The first invention (E-144-2002/1-PCT-02) describes two single chain fragment variable (scFv) clones, designated M6 and M9 that were selected from phage-displayed X5 scFv mutants library by panning the library against gp_12089.6/IIIB-CD4 complex using the alternating antigen panning strategy (AAP). M6 and M9 are stable and have significant improved binding activities to gp_120IIIB. Both scFvs inhibit more efficiently membrane fusion of HIV mediated by envelop glycoproteins of primary HIV isolates with a broader spectrum compared to other antibodies such as X5, indicating that the scFv form may be a more proper form compared to the Fab form for HIV-1 neutralizing antibodies to inhibit virus infection and transmission. Furthermore, scFv is a single molecule almost half the size of Fab, which makes it more suitable for constructing bivalent and multivalent antibodies and antibody fusion proteins. M6 and M9 are cross-reactive with HIV-1 isolates so that these antibodies could be directly used for therapy of HIV-1 infected individuals. In addition, these antibodies can also be used for screening of peptide phage display libraries, libraries of Envs, and in general as tools for development of HIV vaccines and therapeutics.
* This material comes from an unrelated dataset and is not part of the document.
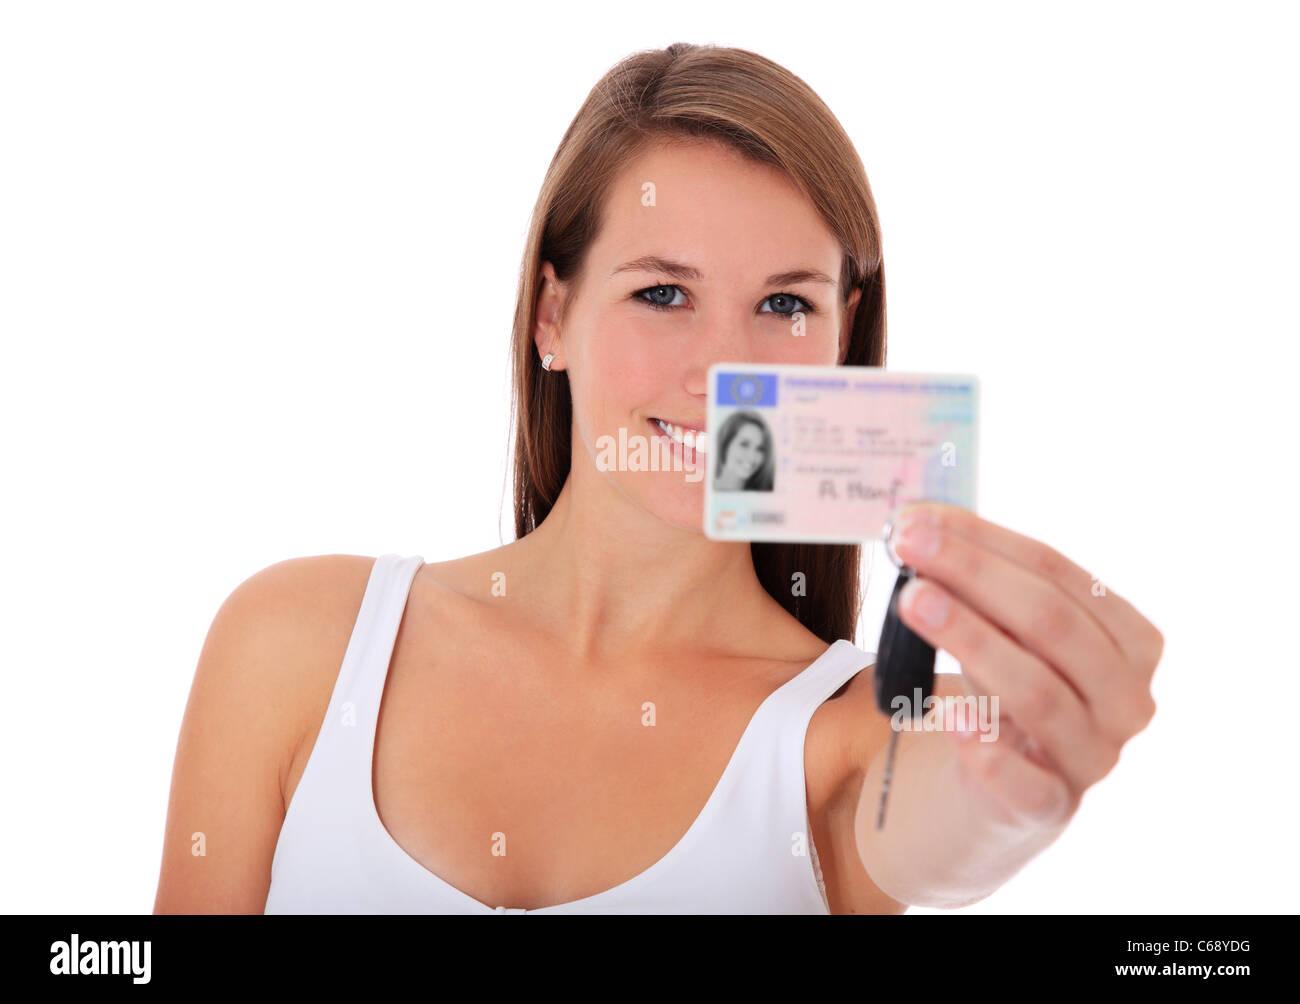 Mujer joven presentando su licencia de conductor. Todo sobre fondo blanco. Imagen De Stock

The second invention (E-316-2003) describes methods of inhibiting viral infection, such as HIV-1, by administering a fusion protein comprising a small size, single chain Fv (scFv) antibody-binding domain joined to an Fc region by a long flexible linker. In particular, scFv M6 or M9, and their complex with two-domain soluble CD4 are joined to Fc by a long flexible linker to provide a new agent for the inhibition of HIV infection or immunotherapy of HIV-infected individuals. The Fc region provides stability, long half-life, and biological effector functions. The scFv-Fc fragment provides antigen recognition and neutralizing activity. The small size of the scFv-Fc fusion molecule provides easy access to conserved viral epitopes exposed before or during viral entry. In addition, these fusion molecules exhibit neutralization activity that is higher than that of whole IgGs, and comparable to or better than that of scFv. Thus, this invention may offer a novel approach to treat and prevent HIV-1 infection and/or AIDS, is related to invention E-144-2002/1, and may strengthen the company's portfolio of technologies being developed.

The prospective co-exclusive license will be royalty bearing and will comply with the terms and conditions of 35 U.S.C. 209 and 37 CFR 404.7. The prospective co-exclusive license may be granted unless, within 60 days from the date of this published Notice, NIH receives written evidence and argument that establishes that the grant of the license would not be consistent with the requirements of 35 U.S.C. 209 and 37 CFR 404.7.

The field of use may be limited to the development of human monoclonal antibodies for use as a therapeutic or preventative in HIV infection either alone or in combination with other compounds.

Properly filed competing applications for a license filed in response to this notice will be treated as objections to the contemplated license. Comments and objections submitted in response to this notice will not be made available for public inspection, and, to the extent permitted by law, will not be released under the Freedom of Information Act, 5 U.S.C. 552.